How would you make up 2.5L of 5N KOH? (VALENCE 1)
How would you make up 50mL of 3.5 N H3PO4?
How would you make up 7000mL of 1N HCL?
In these following problems, the basic concepts of Solution Chemistry, normality and gram-equivalent weight of the compounds are used to solve the problems.
1) In the first problem, we have to prepare KOH solution. The definition of Normal solution states that 1 gm-equivalent of compound(solute) has to be dissolved in 1 litre of solvent. Here, we are taking KOH as the solute. The mol-equivalent weight of KOH is 56 g/mol (reference: Wikipedia). The donatable OH- present in KOH is one. So, the gram-equivalent weight of a base or acid = (mol-equivalent weight / no of donatable H+ or OH- present in that base or acid).
As the donatable OH- in KOH is only one, the gram-equivalent and mol-equivalent weight of KOH are same. So, we need 56 gram of KOH in 1 litre of solvent to prepare 1 (N) solution. But, we need 2.5 L of 5 (N) solution. So, we need (56*2.5*5) = 700 gram of KOH to prepare the solution.
2) In the 2nd problem, the total number of donatable H+ in H3PO4 is three. So, the gram-equivalent weight of H3PO4 = (mol-equivalent weight / 3). The mol-equivalent weight of H3PO4 is 98 g/mol (reference: Wikipedia). So, the gram-equivalent weight of H3PO4is = (98/3) = 32.667 gram. This amount of H3PO4is needed in 1 litre of solvent to prepare 1 litre 1(N) solution of H3PO4. Here, we need 50 mL 3.5 N H3PO4solution.
1 litre = 1000 mL solvent needs 32.667 g of H3PO4to prepare 1(N) solution
So, 50 mL solvent needs (50/1000)*32.667 g = 1.633 g of H3PO4to prepare 1(N) solution
So, 50 mL solvent needs (1.633*3.5) g = 5.717 g of H3PO4to prepare 3.5(N) solution.
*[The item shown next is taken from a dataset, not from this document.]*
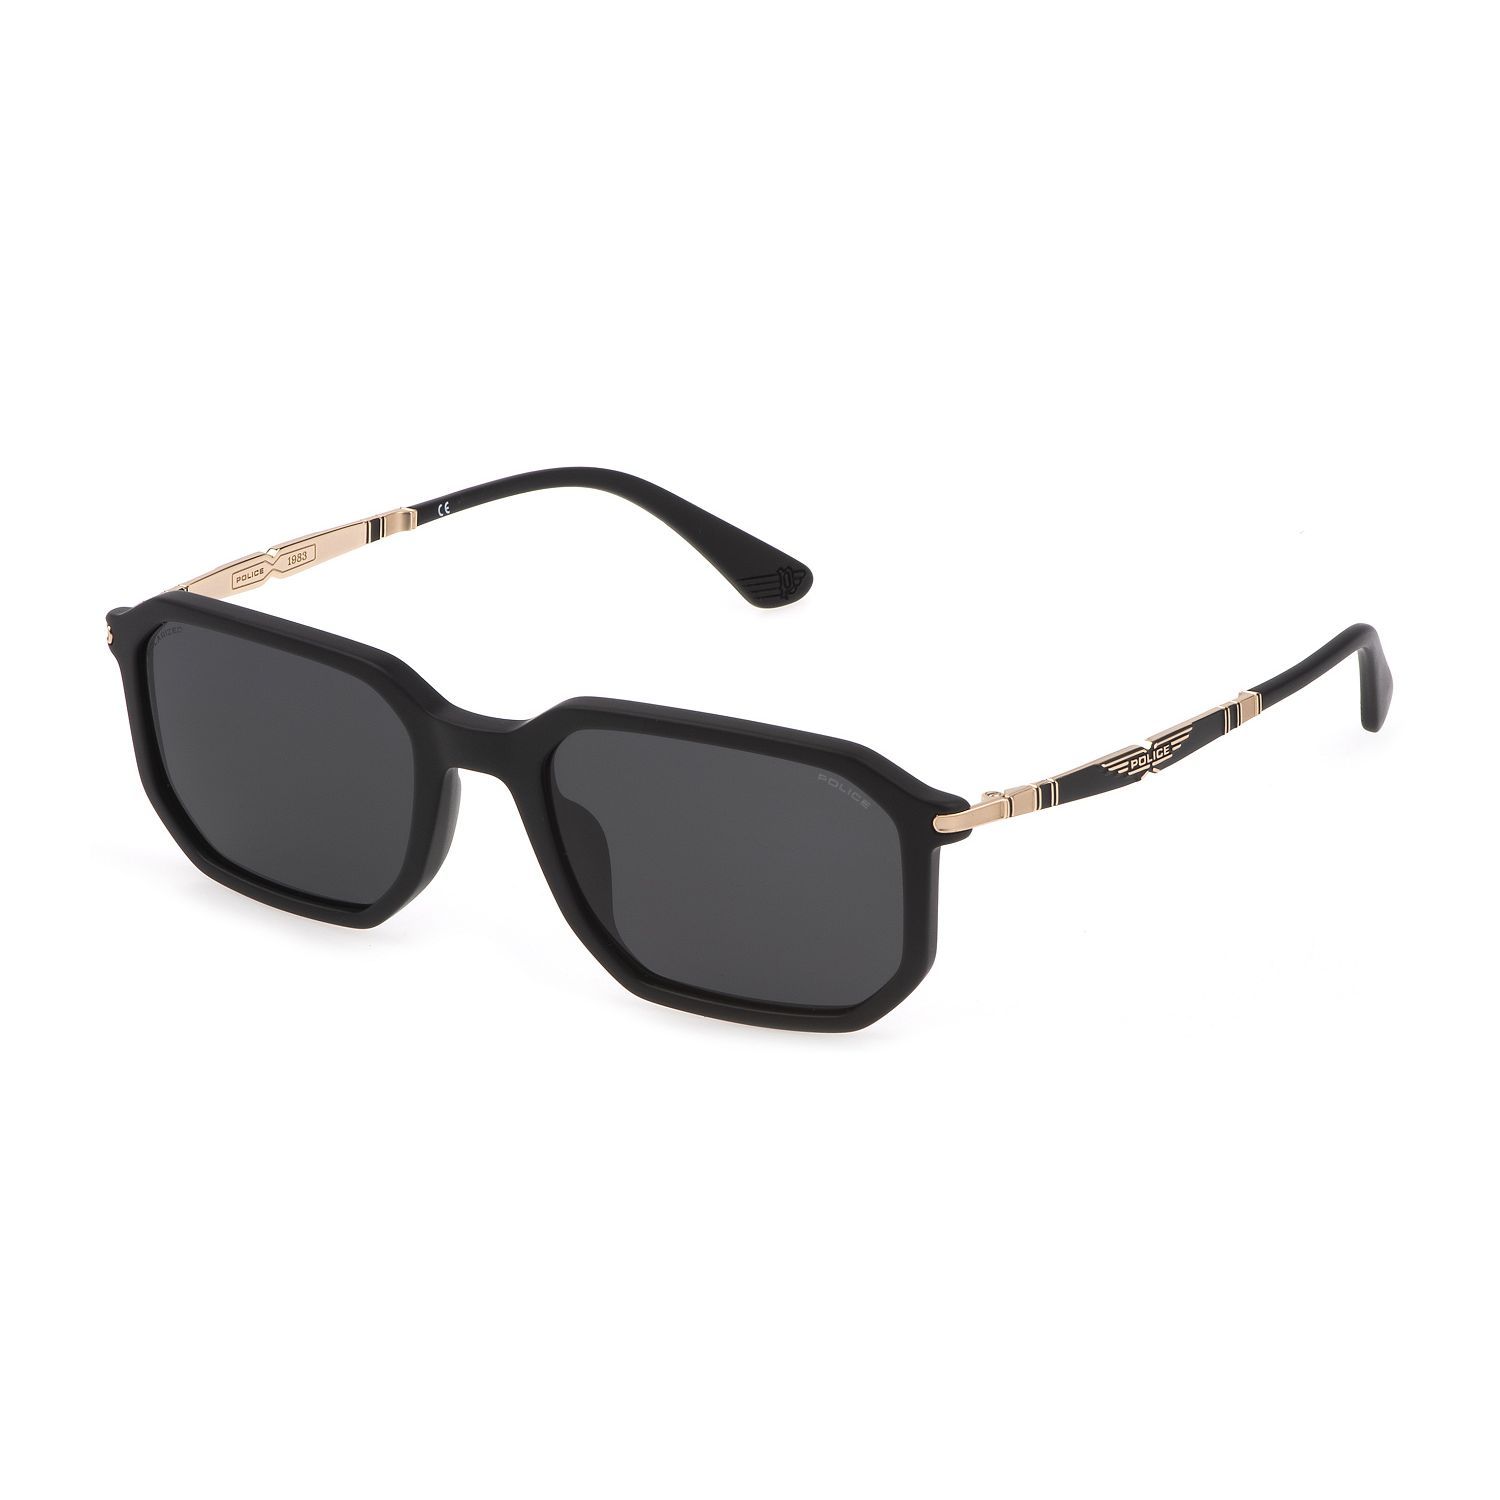 SPLF67M Rectangle Sunglasses 703P - size 55

3) In the 3rd problem, we have to prepare 7000 mL of 1(N) HCl. As, the donatable H+ in HCl is only one, the gram-equivalent weight and mol-equivalent weight are same like KOH. The mol-equivalent weight of HCl is 36.5 g/mol (reference: Wikipedia), which is also the gram-equivalent weight of HCl.
1 litre of solvent needs 36.5 g of HCl to prepare 1(N) solution
So, 7000 mL = 7 litre of solvent needs (36.5*7) = 255.5 gram of HCl to prepare 1(N) solution.
Simple cross-multiplication is used in the calculation part to solve the problems.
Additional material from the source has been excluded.